# WORK TO BE COMPLETED
Transcribe the records below word for word, leaving every picture out.

# EXERCISE MATERIALS
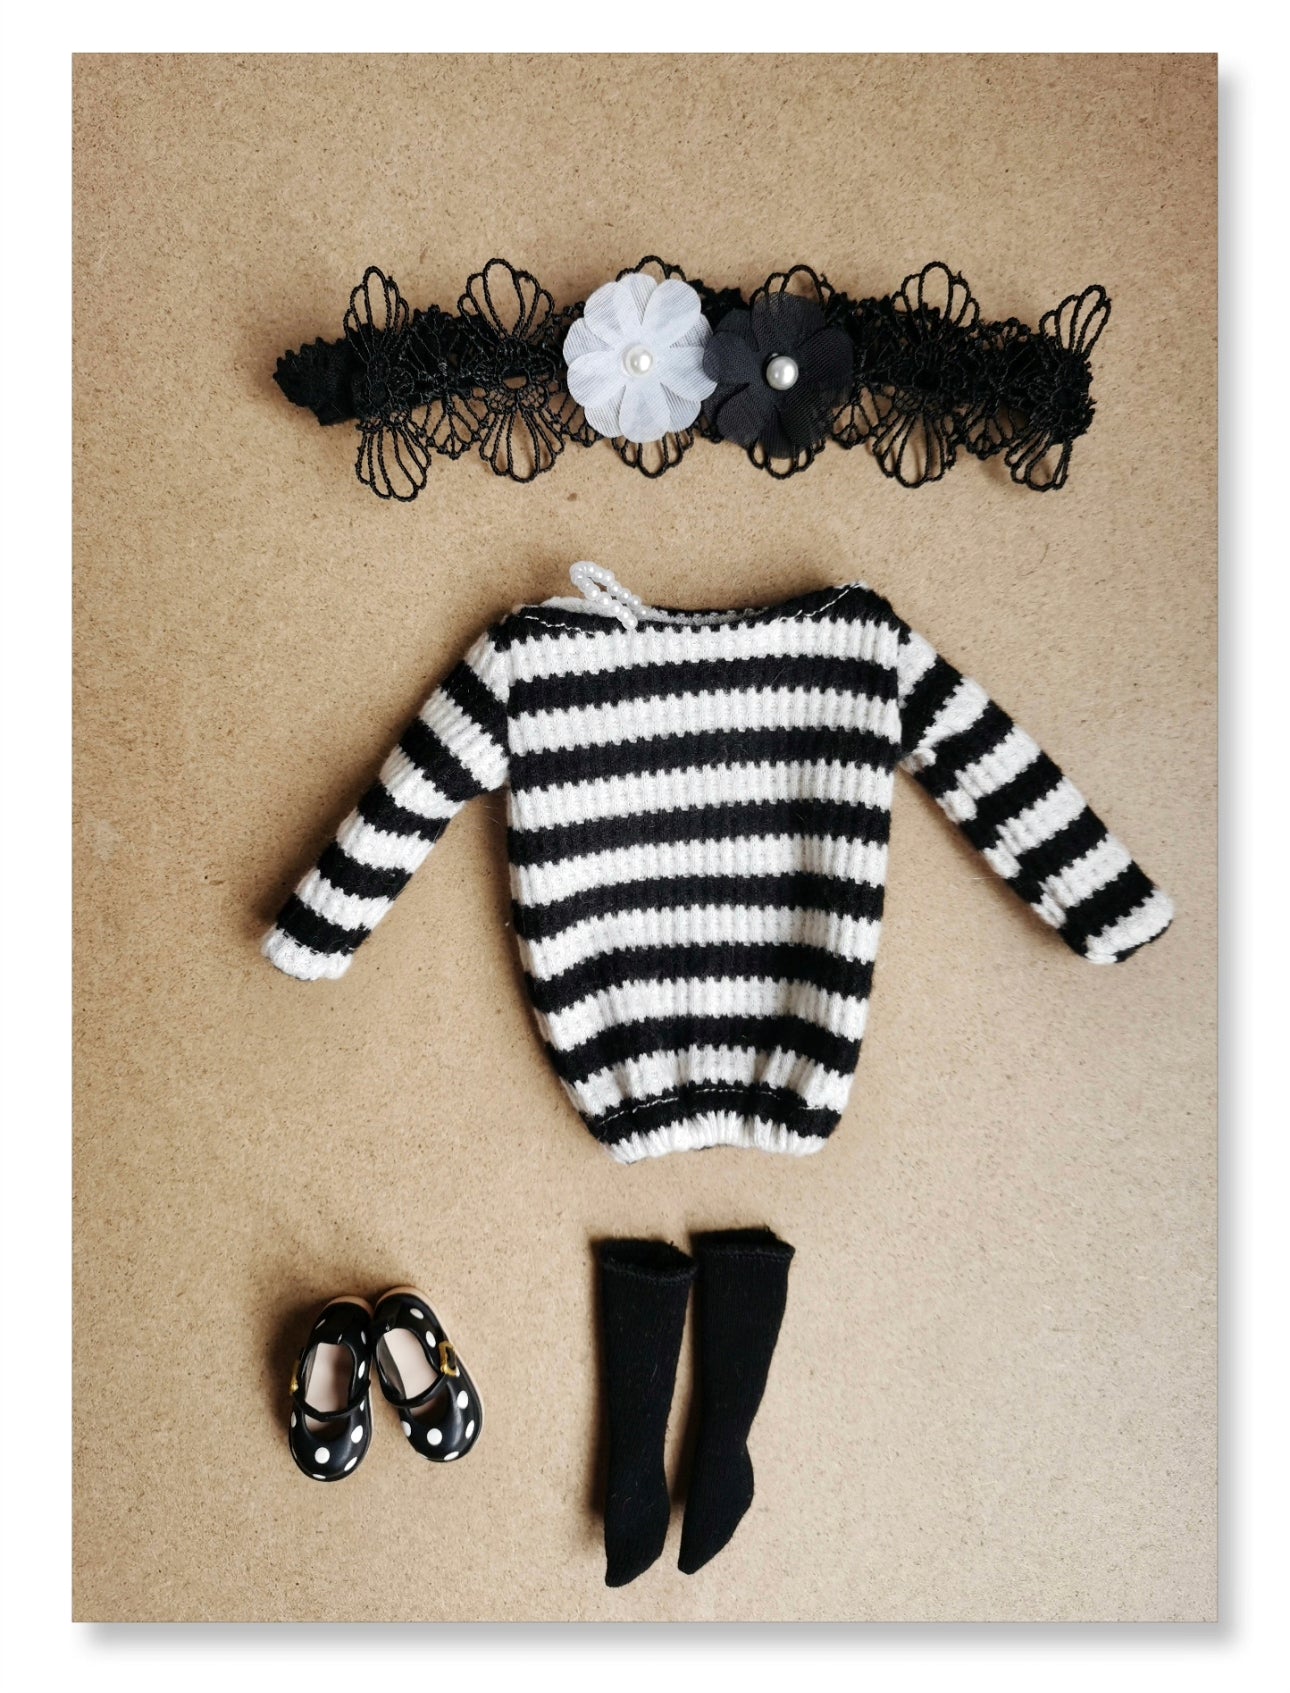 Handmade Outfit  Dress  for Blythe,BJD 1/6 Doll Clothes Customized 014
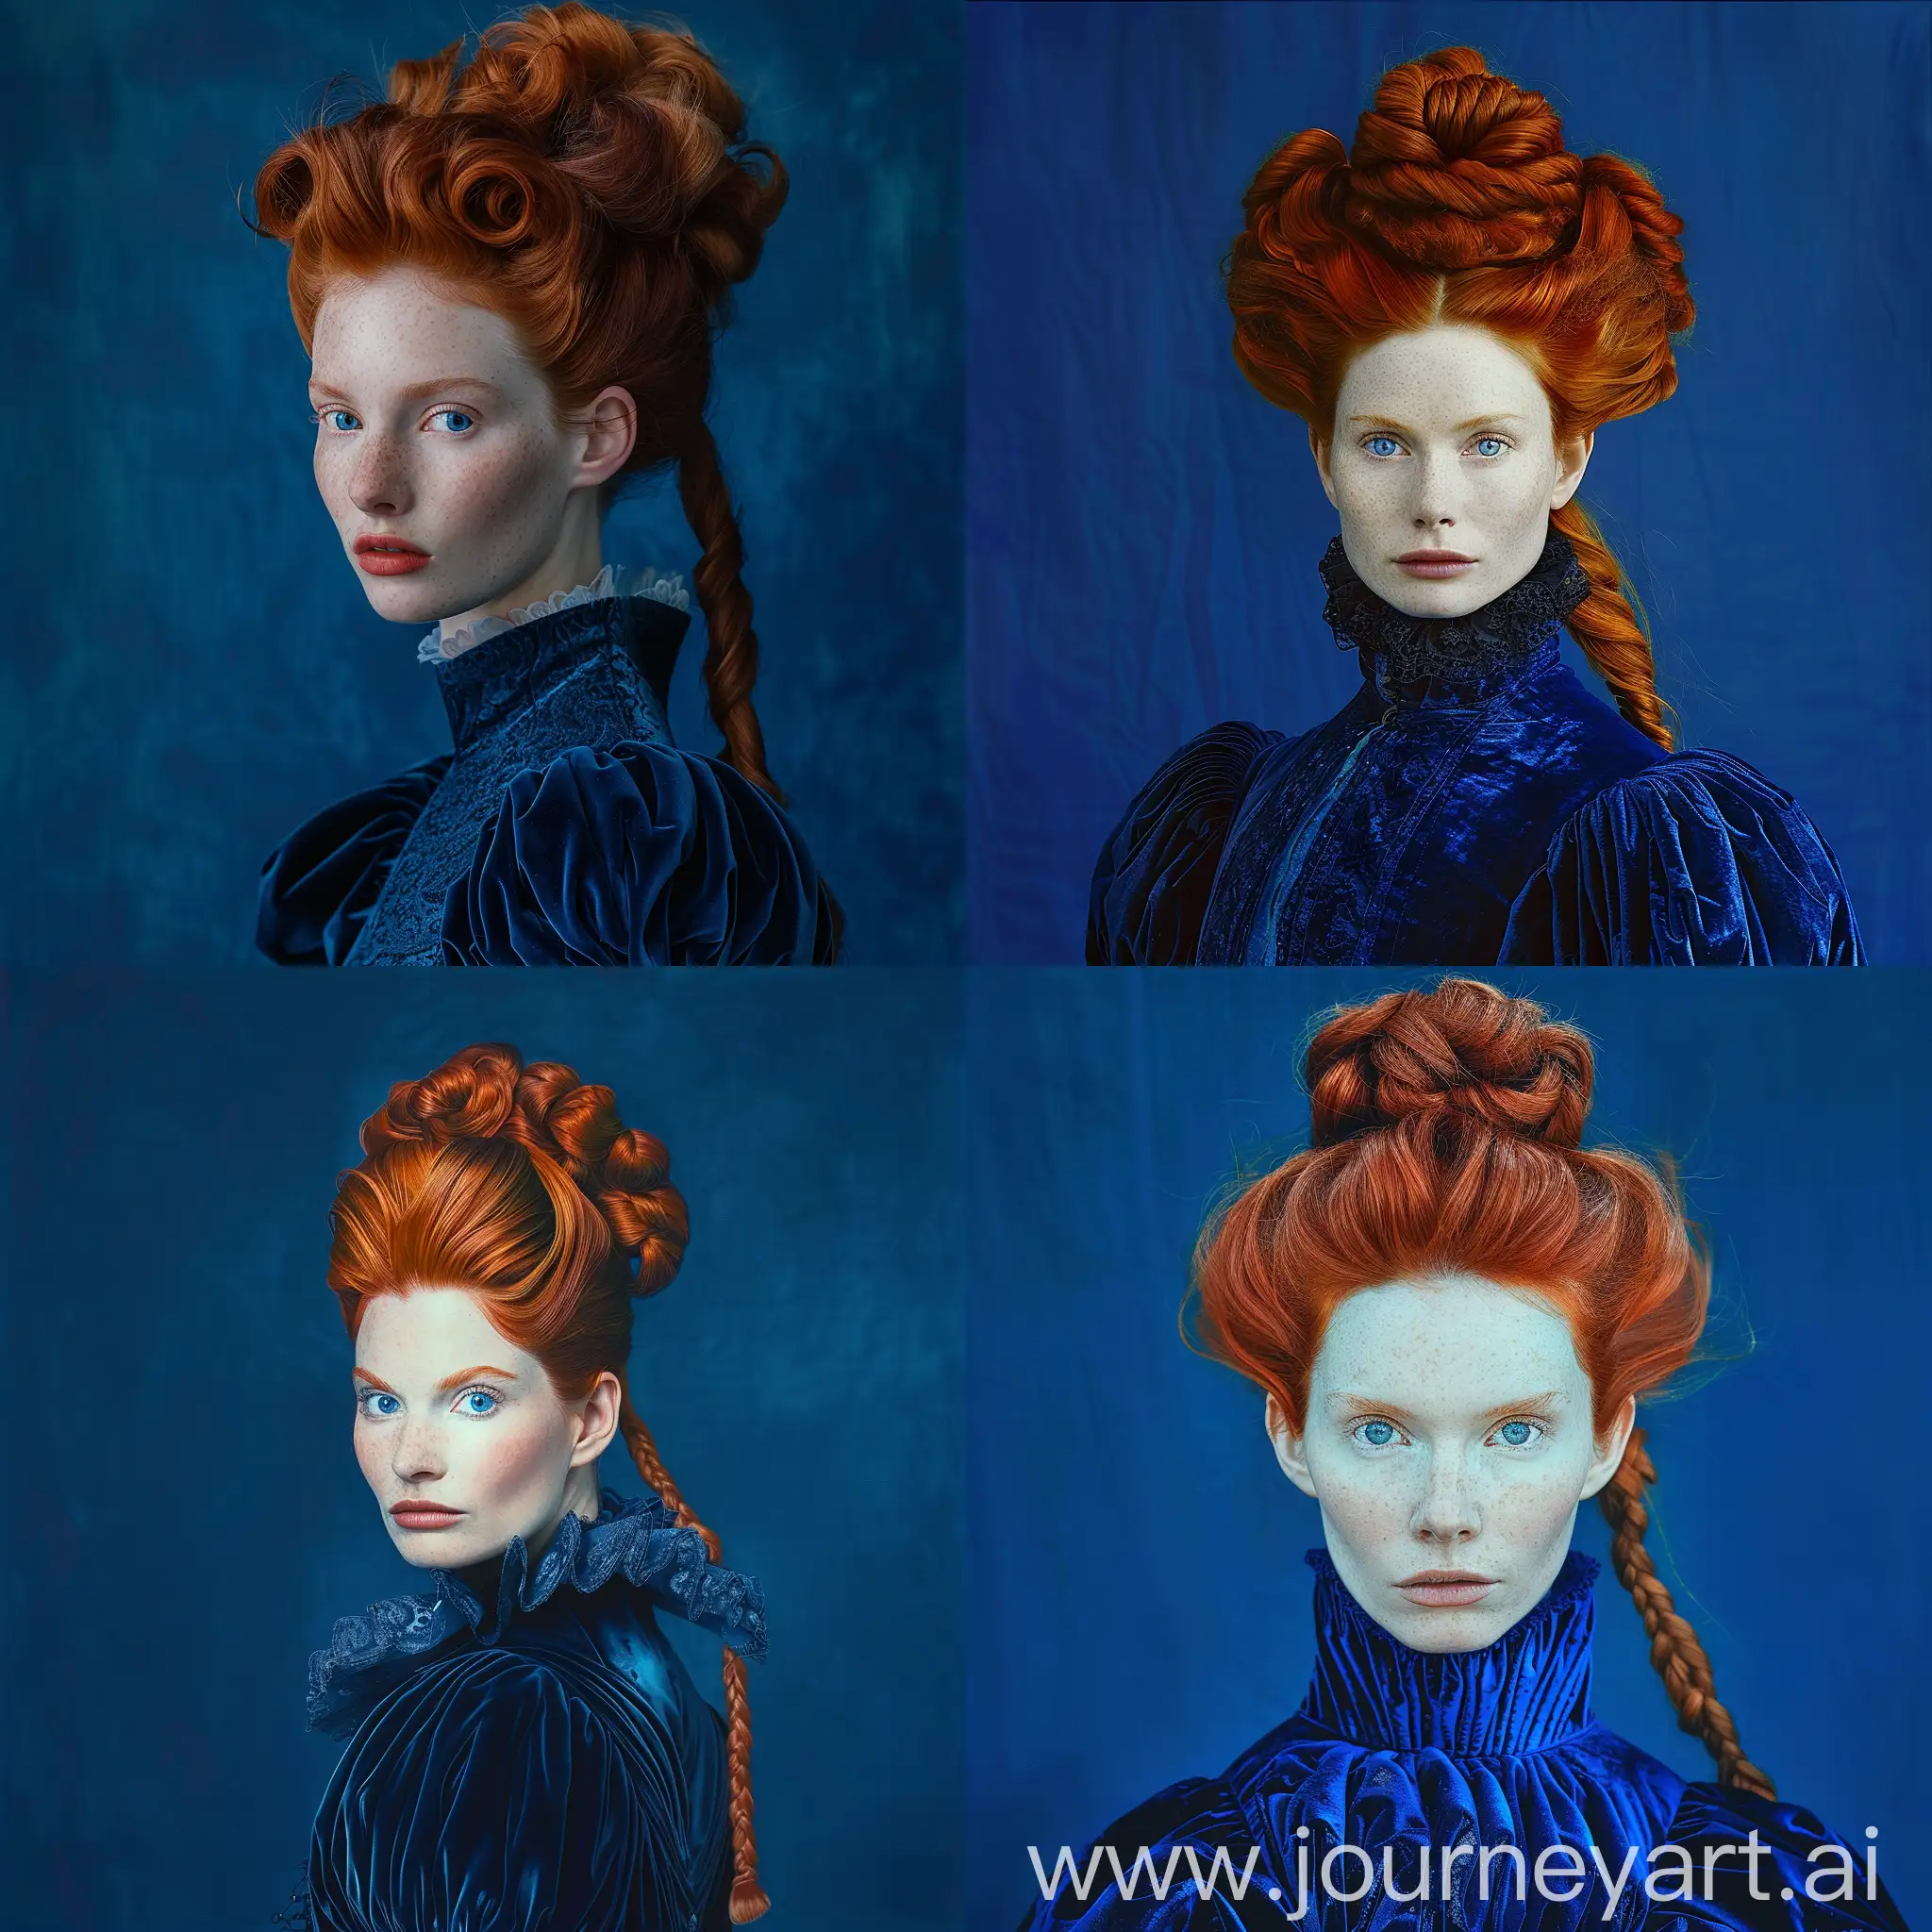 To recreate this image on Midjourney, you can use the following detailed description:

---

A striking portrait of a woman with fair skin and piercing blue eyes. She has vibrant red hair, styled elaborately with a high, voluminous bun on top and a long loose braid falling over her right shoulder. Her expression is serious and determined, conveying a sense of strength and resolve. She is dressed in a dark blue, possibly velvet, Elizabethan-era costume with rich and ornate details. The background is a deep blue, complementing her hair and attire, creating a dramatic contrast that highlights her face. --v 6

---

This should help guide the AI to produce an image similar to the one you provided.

# TASK OUTPUT
 Handmade Outfit  Dress  for Blythe,BJD 1/6 Doll Clothes Customized 014
 To recreate this image on Midjourney, you can use the following detailed description:

---

A striking portrait of a woman with fair skin and piercing blue eyes. She has vibrant red hair, styled elaborately with a high, voluminous bun on top and a long loose braid falling over her right shoulder. Her expression is serious and determined, conveying a sense of strength and resolve. She is dressed in a dark blue, possibly velvet, Elizabethan-era costume with rich and ornate details. The background is a deep blue, complementing her hair and attire, creating a dramatic contrast that highlights her face. --v 6

---

This should help guide the AI to produce an image similar to the one you provided.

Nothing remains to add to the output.